Set down nothing but the lines from the one containing "Frattini était un" to the final line of the material, exactly as written, and drop the pictures.

··· DATA PROVIDED

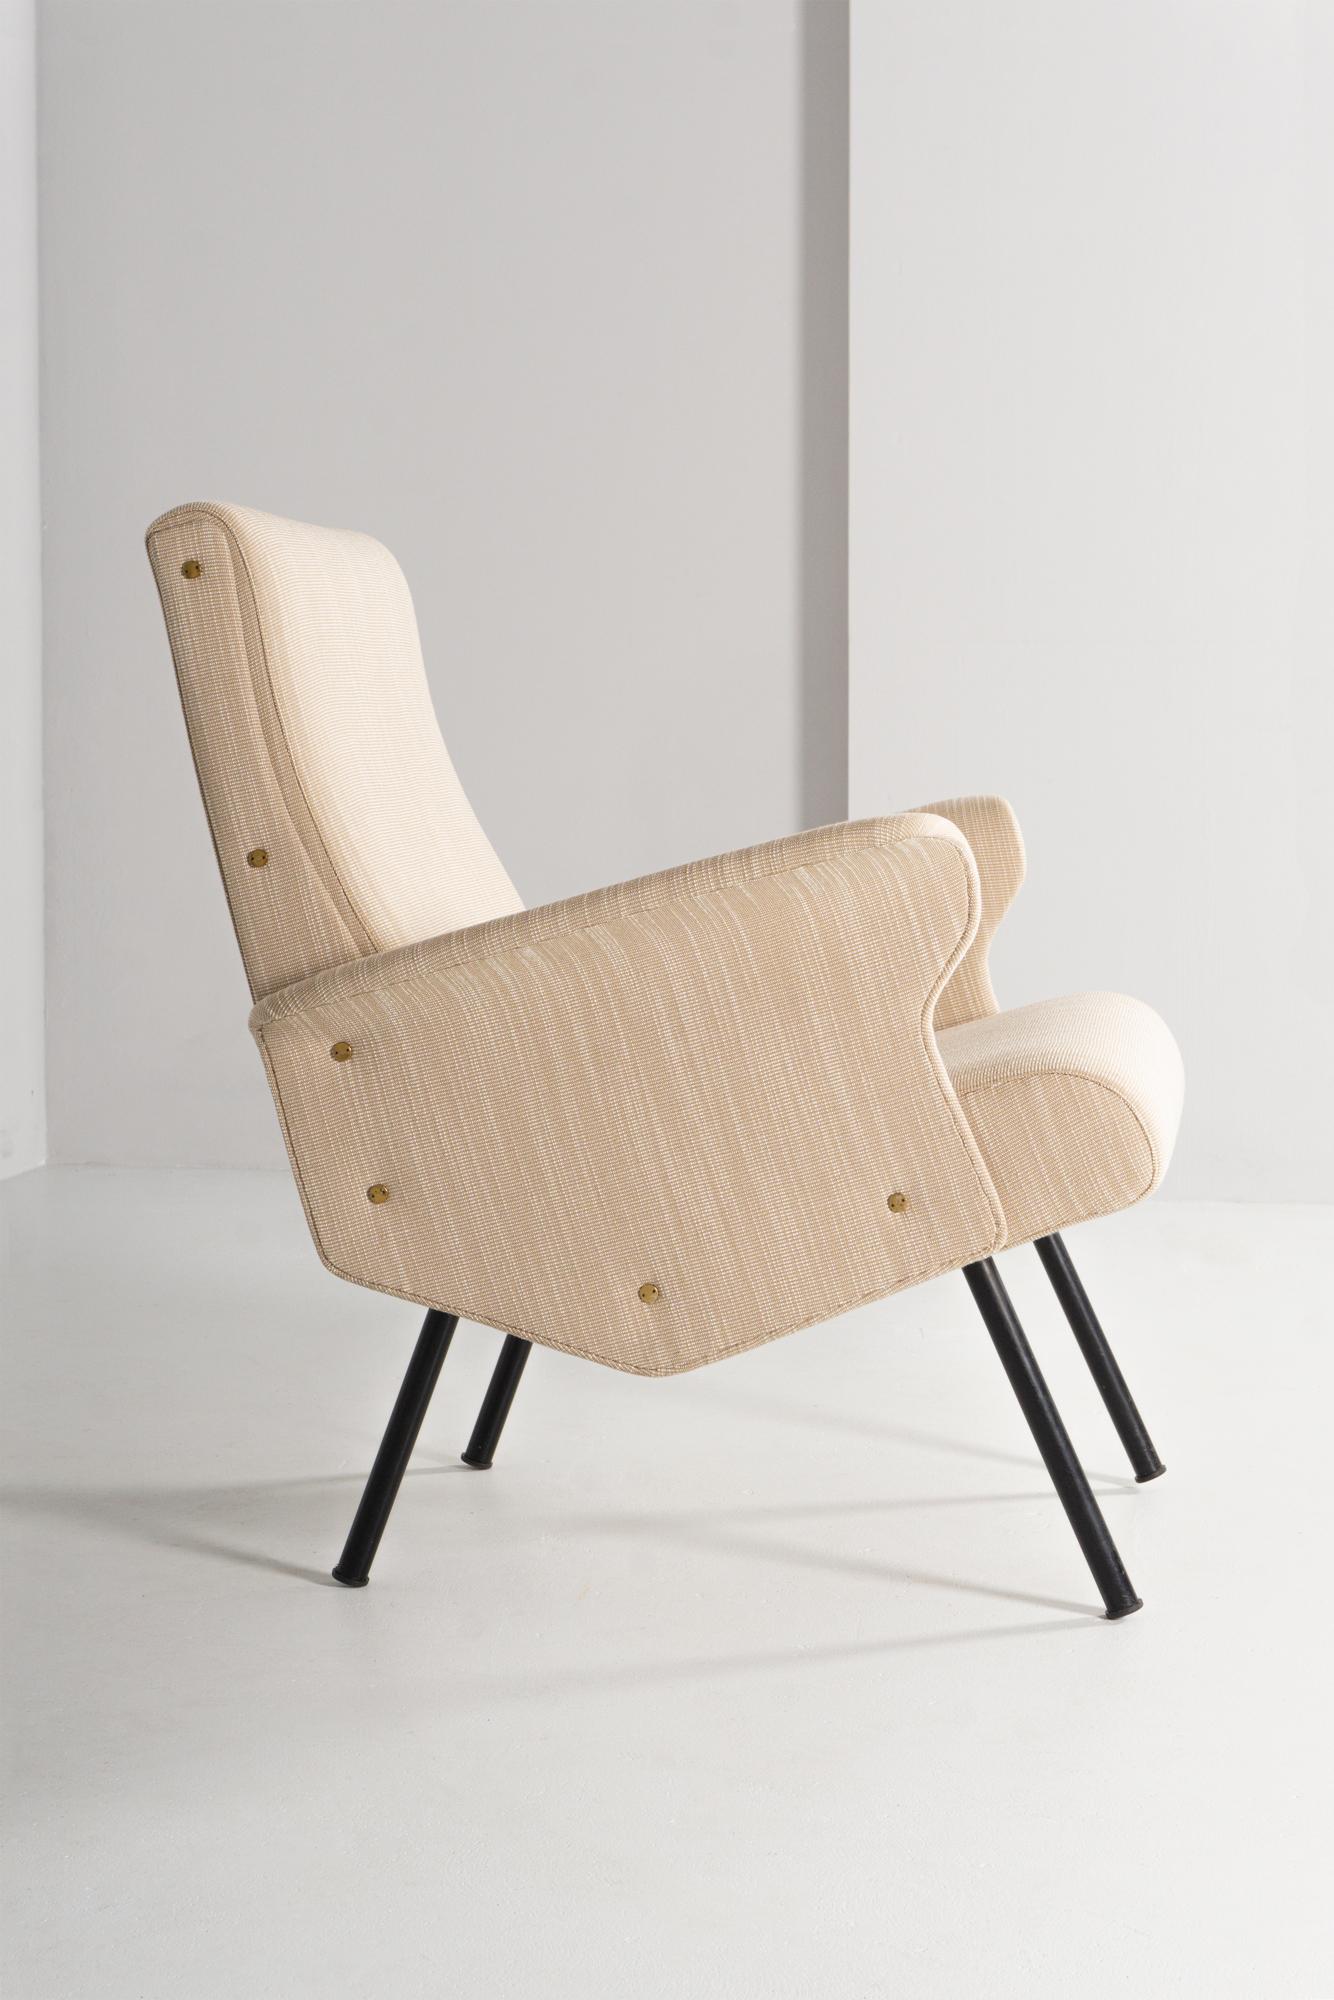 Ce meuble sophistiqué, conçu par Gianfranco Frattini en 1960 pour Cassina, se distingue par sa ligne sculturelle et futuriste. La housse, renouvelée comme la mousse, est faite du meilleur cuir.
Frattini était un architecte et designer italien. Il
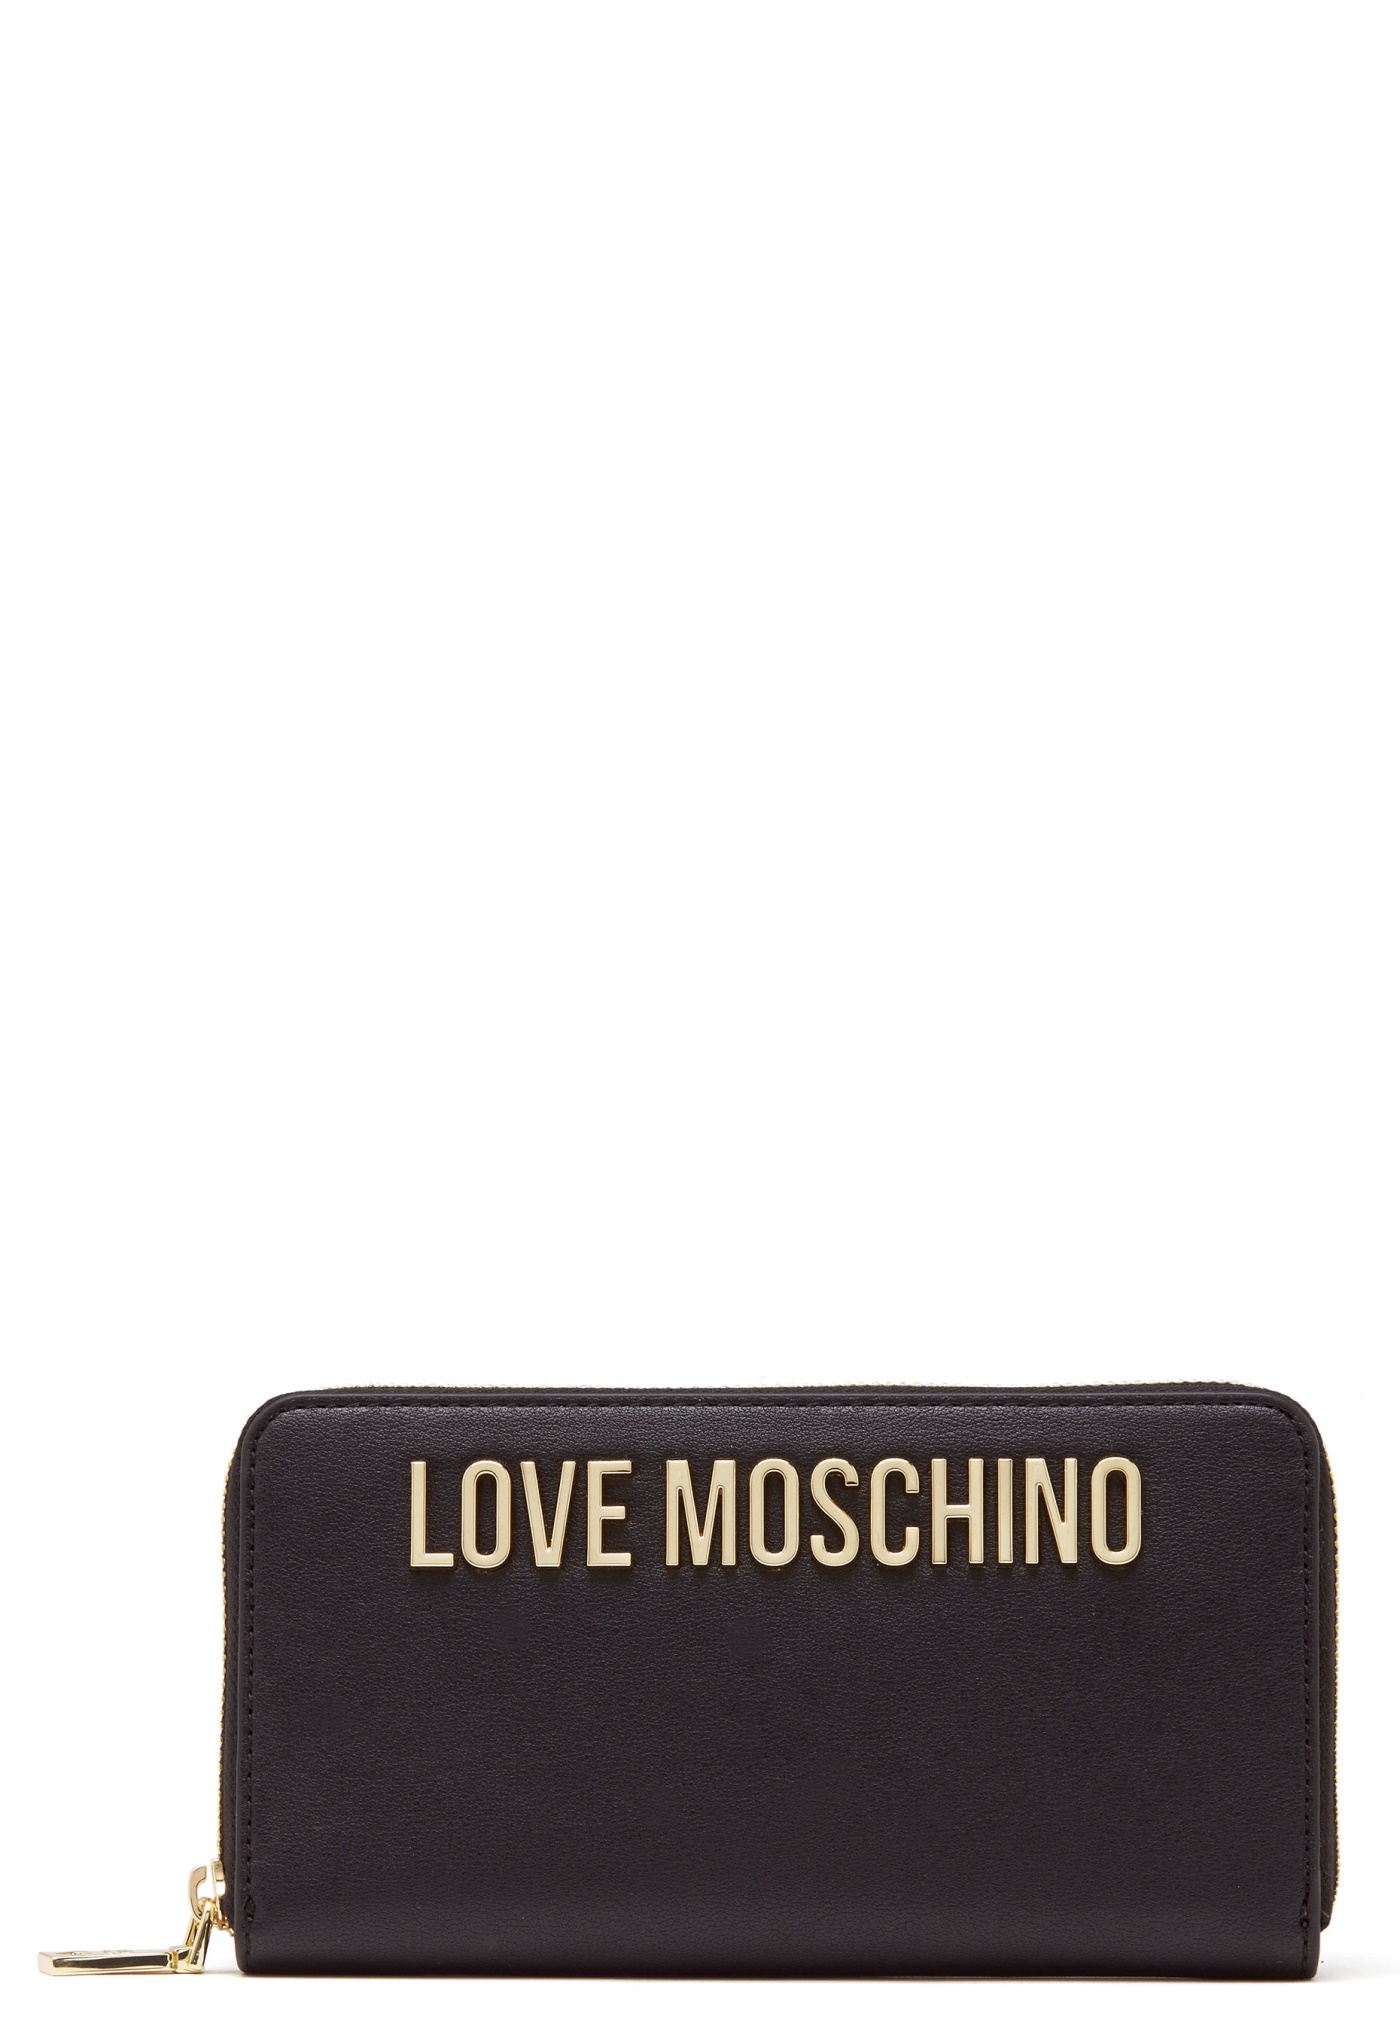 Love Moschino Wallet Black - Bubbleroom

······

▸ WRITTEN SOLUTION
Frattini était un architecte et designer italien. Il
 Love Moschino Wallet Black - Bubbleroom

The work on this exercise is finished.